Existing end-to-end autonomous driving (E2E-AD) methods predominantly rely on single expert demonstrations through imitation learning, often leading to conservative and homogeneous driving behaviors that struggle to generalize to complex real-world scenarios. In this work, we propose DIVER, a novel E2E-AD framework that combines diffusion-based multi-mode trajectory generation with reinforcement learning to produce diverse, safe, and goal-directed trajectories. First, the model conditions on map elements and surrounding agents to generate multiple reference trajectories from each ground-truth reference trajectory that overcome the inherent limitations of single-mode imitation. Second, we treat the diffusion process as a stochastic policy and employ Group Relative Policy Optimization (GPRO) objectives to guide the diffusion process. By optimizing trajectory-level rewards for both diversity and safety, GRPO directly mitigates mode collapse and enhances collision avoidance, encouraging exploration beyond expert demonstrations and ensuring physically plausible plans. Furthermore, to address the limitations of L2-based open-loop metrics in capturing trajectory diversity, we propose a novel trajectory diversity metric to evaluate the diversity of multi-mode predictions. Extensive experiments on the closed-loop NAVSIM and Bench2Drive benchmarks, as well as the open-loop nuScenes dataset, demonstrate that DIVER significantly improves trajectory diversity, effectively addressing the mode collapse problem inherent in imitation learning.

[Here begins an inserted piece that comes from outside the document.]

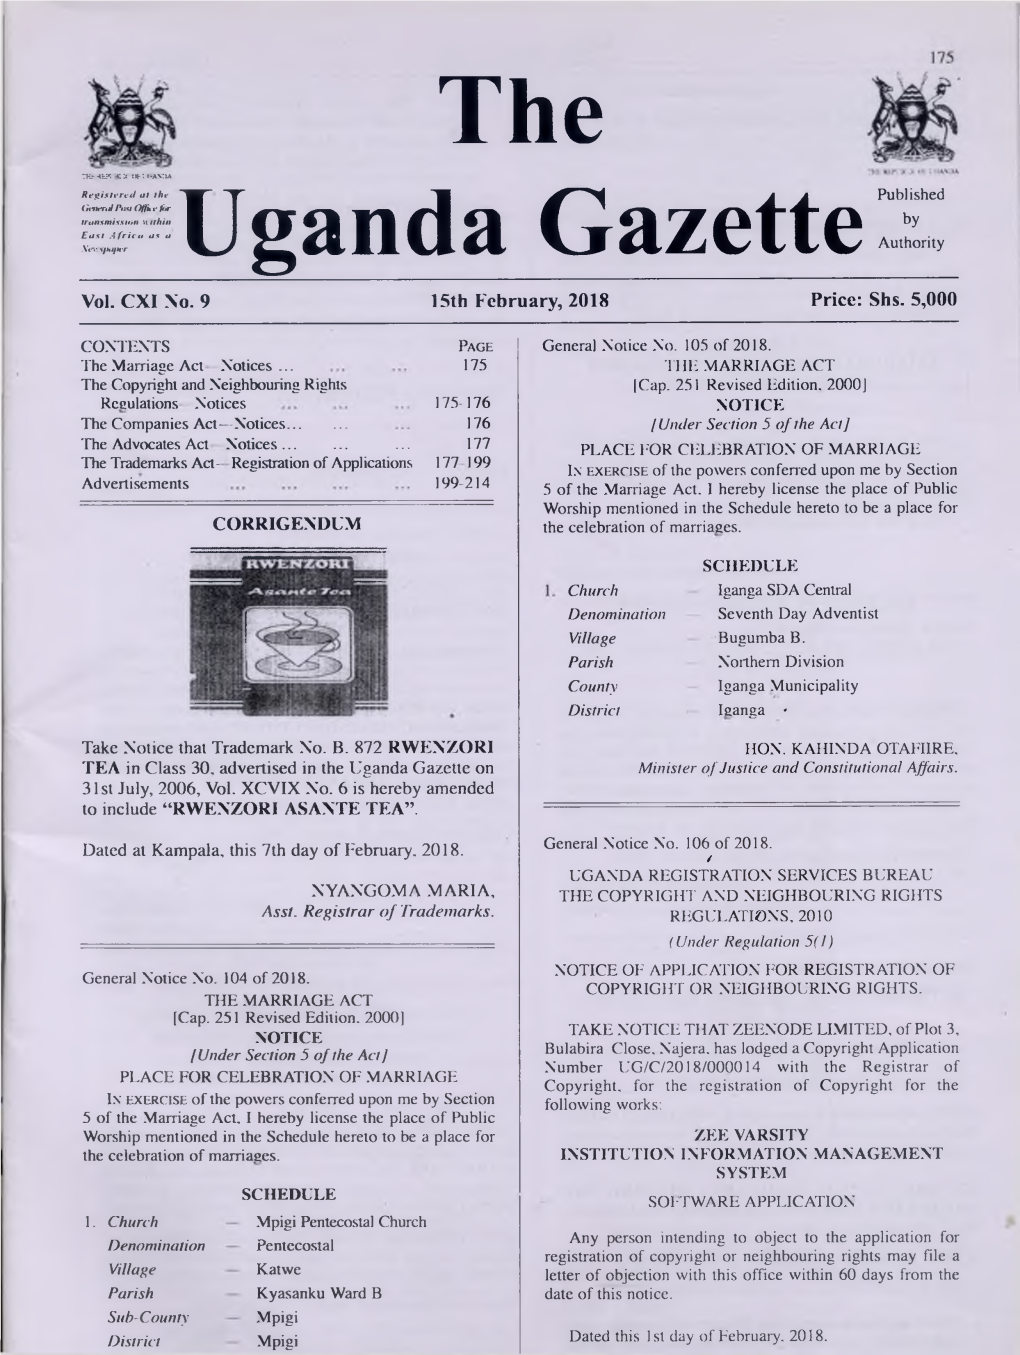 The Uganda Gazettepublished

:fire: Contributions: * **DIVER Concept.** We propose the DIVER, an novel multi-mode E2E-AD framework that uses reinforcement learning to guide diffusion models in generating diverse and feasible driving behaviors. * **Diffusion Model.** We introduce the Policy-Aware Diffusion Generator (PADG), which incorporates map elements and agent interactions as conditional inputs, enabling the generation of multi-mode trajectory that capture diverse driving styles. * **Reinforcement Learning.** We leverage reinforcement learning to guide the diffusion model with diversity and safety rewards, addressing the limitations of imitation learning. * **Diversity Metric.** We propose a novel Diversity Metric to evaluate multi-mode trajectory generation, providing a more principled way to assess the diversity and effectiveness of generated trajectories compared to existing metrics. * **Performance Evaluation.** Extensive evaluations on the Bench2Drive, NAVSIM, NuScenes demonstrate that DIVER significantly improves the diversity, safety, and feasibility of generated trajectories over state-of-the-art methods.